What is Apache web server?

Web servers store web content and return it on receiving HTTP requests. Apache is one of the oldest web server technologies. It is process-driven, meaning that it creates a new process for each new request.

Apache was launched in 1995 and remains relevant to this day. It has been maintained by the Apache Software Foundation since 1999. It’s easy to install, configure, and extend. It can run on multiple platforms and operating systems, integrates well with other software, and is supported by a large developer community.

Apache played a pivotal role in the growth of the World Wide Web, and for decades, it stayed the undisputed platform of choice. One of the main reasons for its popularity is its dynamically loadable module system, which makes it easy to customize and extend the server.

What is Nginx?

Nginx is an open-source web server, like Apache (although there is also a paid version, known as Nginx Plus). The notable difference is that Nginx is event-driven rather than process-driven. This means that, with Nginx, performance does not slow down as events increase.
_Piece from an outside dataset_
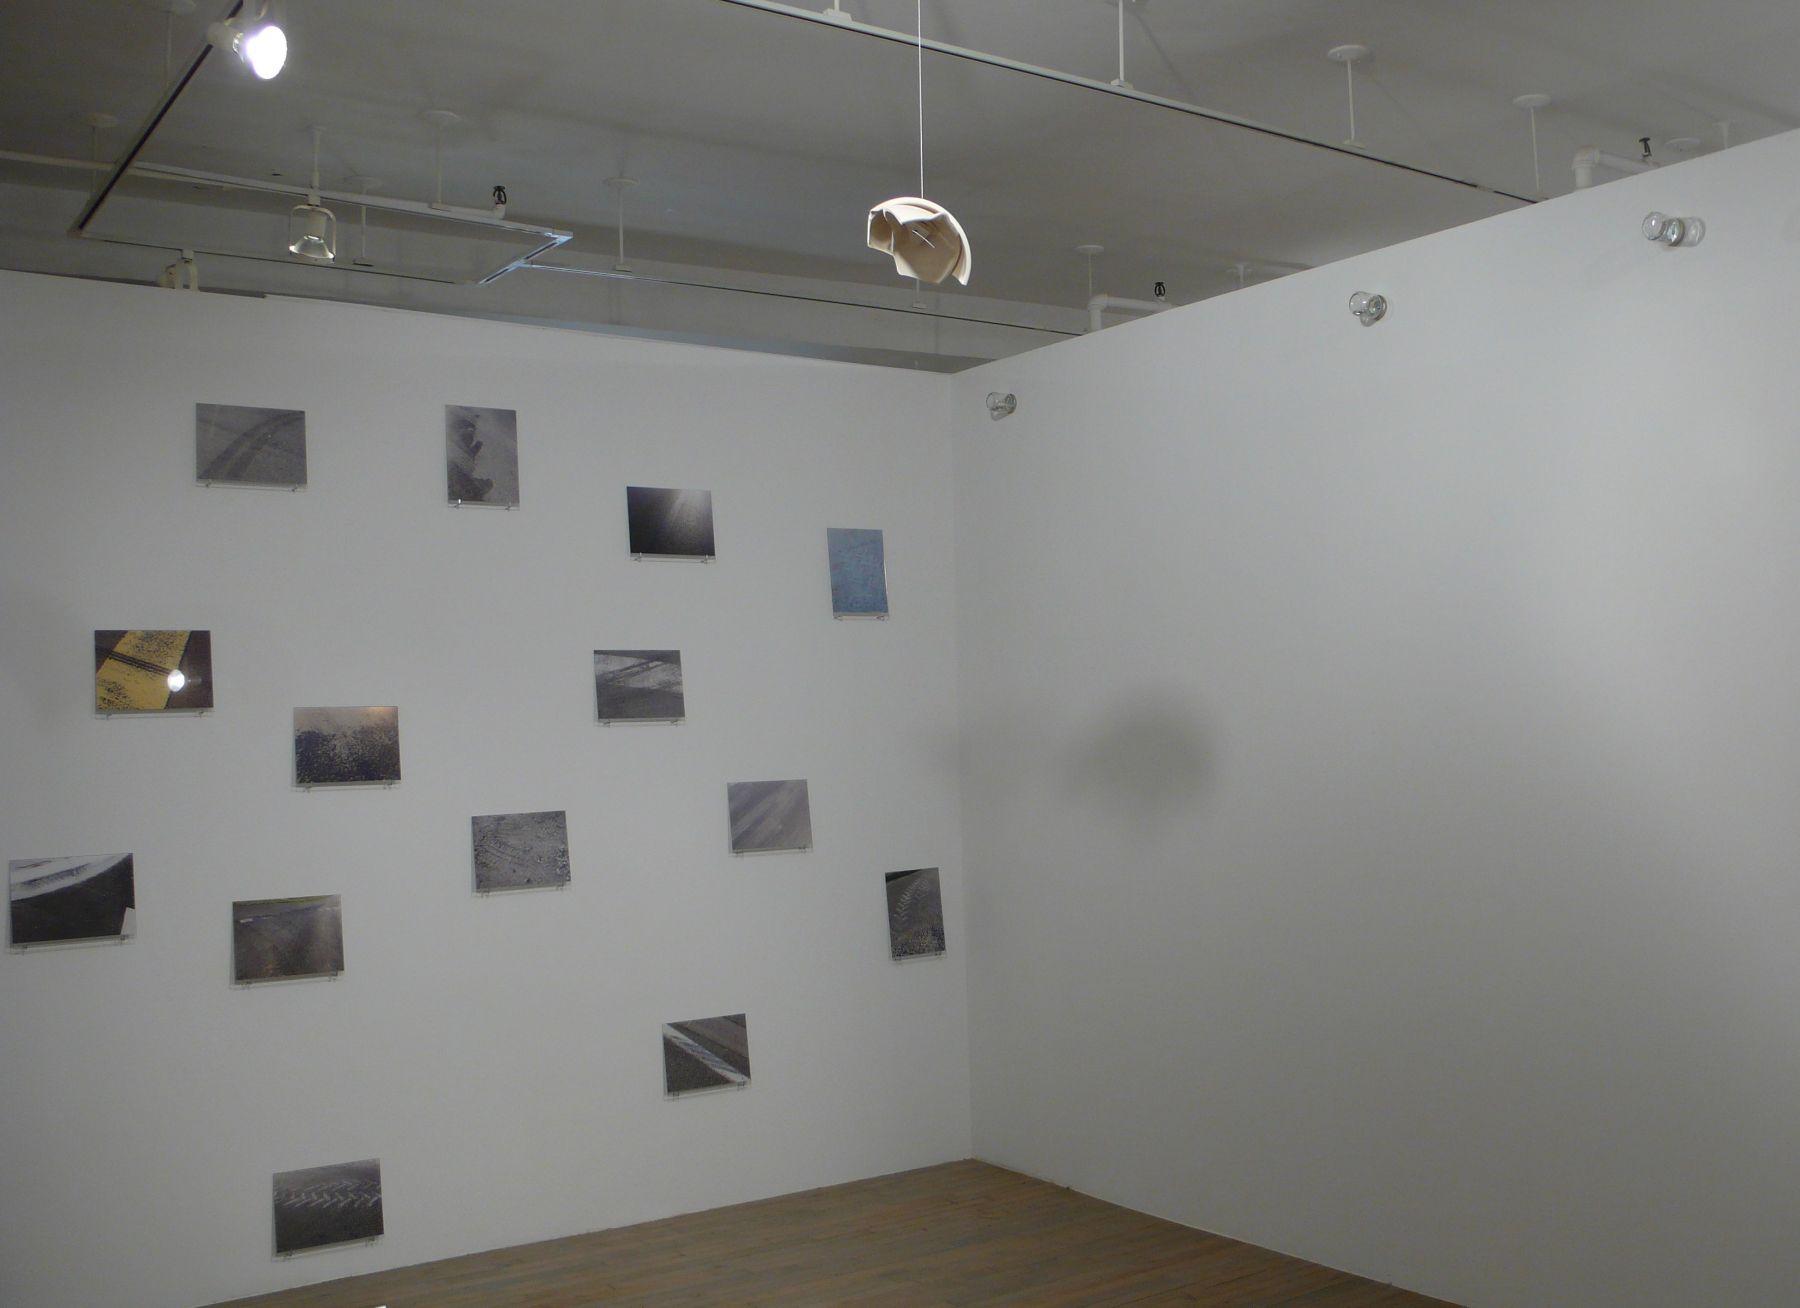 Richard Wentworth – installation view 5

The first public release of Nginx dates to 2004. Its major design goal was to solve the C10K problem, which was a scalability issue that prevented web servers (even Apache) from handling more than 10,000 concurrent requests. Nginx solved this problem by using an event-based approach to handle requests (more on this in the next section).

Nginx was originally developed to be used as a reverse proxy or load balancer for Apache, so that Apache could scale at the pace of the growing web. However, owing to its inherently superior architecture and request processing ability, people started using it as a web server. Today, it has not only evolved into a full-fledged, ready-to-deploy web server, but also surpassed Apache in terms of adoption.

Apache vs. Nginx

Architecture and connection handling

The architectures of Apache and Nginx are fundamentally different in the way they handle connections and process requests.


Apache relies on a process-based architecture to serve requests. It contains several built-in modules, known as multi-processing modules (MPMs), which allow administrators to choose their preferred connection-handling algorithm.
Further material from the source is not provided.